Every line in the data below that has the word "Rose" should be returned.

### Data for review ###

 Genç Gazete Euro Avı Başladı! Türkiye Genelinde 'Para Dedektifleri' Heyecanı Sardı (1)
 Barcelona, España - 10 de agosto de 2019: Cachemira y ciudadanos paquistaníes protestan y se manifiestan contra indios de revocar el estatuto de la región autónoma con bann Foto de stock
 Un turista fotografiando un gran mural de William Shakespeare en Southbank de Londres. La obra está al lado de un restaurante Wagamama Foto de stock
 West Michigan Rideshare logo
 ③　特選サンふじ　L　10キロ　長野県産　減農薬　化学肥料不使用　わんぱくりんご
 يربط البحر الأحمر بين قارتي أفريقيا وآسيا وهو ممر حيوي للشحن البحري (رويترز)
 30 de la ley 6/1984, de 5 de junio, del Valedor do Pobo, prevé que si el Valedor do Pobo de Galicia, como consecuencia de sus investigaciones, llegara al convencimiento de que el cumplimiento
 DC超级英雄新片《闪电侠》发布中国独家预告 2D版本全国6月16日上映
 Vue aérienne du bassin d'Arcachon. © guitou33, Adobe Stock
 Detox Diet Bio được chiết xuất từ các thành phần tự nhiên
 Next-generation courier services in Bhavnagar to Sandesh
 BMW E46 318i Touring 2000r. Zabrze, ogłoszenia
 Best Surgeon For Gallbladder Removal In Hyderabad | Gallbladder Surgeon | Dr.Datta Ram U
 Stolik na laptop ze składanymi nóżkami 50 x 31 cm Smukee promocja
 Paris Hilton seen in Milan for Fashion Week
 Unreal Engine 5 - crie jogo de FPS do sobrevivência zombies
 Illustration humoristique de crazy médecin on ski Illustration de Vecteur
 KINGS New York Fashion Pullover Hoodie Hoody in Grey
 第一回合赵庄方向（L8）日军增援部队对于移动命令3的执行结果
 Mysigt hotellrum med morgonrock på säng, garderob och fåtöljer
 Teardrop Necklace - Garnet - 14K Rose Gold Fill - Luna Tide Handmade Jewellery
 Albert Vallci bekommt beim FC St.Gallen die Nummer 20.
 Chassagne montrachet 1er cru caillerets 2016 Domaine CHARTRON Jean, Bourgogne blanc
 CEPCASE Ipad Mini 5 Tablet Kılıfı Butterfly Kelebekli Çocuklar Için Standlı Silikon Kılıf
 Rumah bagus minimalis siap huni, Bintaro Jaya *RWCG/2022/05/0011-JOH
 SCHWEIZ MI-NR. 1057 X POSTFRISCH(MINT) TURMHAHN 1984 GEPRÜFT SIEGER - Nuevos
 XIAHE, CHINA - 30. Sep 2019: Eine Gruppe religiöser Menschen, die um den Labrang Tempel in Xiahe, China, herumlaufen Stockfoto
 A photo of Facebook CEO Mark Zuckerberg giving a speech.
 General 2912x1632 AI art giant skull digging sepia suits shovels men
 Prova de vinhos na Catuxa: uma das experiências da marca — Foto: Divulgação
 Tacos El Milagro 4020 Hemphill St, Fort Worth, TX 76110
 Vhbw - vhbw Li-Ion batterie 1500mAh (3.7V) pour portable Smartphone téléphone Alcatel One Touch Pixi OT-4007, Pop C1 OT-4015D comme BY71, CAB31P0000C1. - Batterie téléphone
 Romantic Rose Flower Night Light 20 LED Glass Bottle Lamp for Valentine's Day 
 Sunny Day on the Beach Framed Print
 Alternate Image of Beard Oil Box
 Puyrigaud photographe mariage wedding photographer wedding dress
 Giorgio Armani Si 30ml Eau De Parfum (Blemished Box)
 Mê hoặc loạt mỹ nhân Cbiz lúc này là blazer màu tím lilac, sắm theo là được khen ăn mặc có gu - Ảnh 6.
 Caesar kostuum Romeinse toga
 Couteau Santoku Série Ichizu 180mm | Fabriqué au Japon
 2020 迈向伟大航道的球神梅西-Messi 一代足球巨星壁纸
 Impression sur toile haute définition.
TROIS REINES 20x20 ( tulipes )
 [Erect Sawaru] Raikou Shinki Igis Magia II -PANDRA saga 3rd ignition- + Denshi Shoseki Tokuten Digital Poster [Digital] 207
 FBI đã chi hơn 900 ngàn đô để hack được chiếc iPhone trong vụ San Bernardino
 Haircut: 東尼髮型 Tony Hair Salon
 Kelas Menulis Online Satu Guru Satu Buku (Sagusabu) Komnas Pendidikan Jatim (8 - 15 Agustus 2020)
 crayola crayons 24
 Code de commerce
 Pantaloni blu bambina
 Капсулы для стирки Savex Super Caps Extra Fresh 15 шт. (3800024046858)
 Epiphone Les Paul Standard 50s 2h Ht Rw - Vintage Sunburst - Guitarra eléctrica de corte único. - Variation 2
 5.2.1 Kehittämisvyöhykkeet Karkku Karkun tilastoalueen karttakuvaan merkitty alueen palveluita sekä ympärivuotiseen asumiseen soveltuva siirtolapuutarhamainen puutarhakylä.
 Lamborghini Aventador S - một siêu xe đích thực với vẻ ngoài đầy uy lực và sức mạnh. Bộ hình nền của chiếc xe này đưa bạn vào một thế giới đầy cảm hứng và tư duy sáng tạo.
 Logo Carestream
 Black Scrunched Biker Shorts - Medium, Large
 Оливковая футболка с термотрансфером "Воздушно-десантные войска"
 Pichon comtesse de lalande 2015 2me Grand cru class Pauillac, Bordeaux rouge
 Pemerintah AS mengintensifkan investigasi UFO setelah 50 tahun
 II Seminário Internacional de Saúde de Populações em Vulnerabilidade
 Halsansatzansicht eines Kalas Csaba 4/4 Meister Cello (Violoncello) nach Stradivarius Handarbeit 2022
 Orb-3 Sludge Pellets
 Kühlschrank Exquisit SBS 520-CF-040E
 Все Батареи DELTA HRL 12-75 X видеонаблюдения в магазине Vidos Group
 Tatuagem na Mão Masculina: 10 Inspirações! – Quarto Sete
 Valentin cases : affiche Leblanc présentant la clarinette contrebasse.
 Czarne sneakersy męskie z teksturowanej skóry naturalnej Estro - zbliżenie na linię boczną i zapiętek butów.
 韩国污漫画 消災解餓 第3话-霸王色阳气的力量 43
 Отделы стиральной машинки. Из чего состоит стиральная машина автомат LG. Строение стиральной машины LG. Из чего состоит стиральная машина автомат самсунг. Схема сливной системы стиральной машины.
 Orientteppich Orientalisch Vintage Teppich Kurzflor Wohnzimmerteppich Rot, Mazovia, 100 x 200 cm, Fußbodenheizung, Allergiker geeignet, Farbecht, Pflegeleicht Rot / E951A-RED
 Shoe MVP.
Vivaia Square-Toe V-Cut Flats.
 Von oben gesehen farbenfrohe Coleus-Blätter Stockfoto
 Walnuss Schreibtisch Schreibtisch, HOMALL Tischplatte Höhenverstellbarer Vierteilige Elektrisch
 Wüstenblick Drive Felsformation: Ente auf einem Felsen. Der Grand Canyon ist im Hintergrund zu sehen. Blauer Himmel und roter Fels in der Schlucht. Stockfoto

###

*Solution to this problem*:
 Teardrop Necklace - Garnet - 14K Rose Gold Fill - Luna Tide Handmade Jewellery
 Romantic Rose Flower Night Light 20 LED Glass Bottle Lamp for Valentine's Day 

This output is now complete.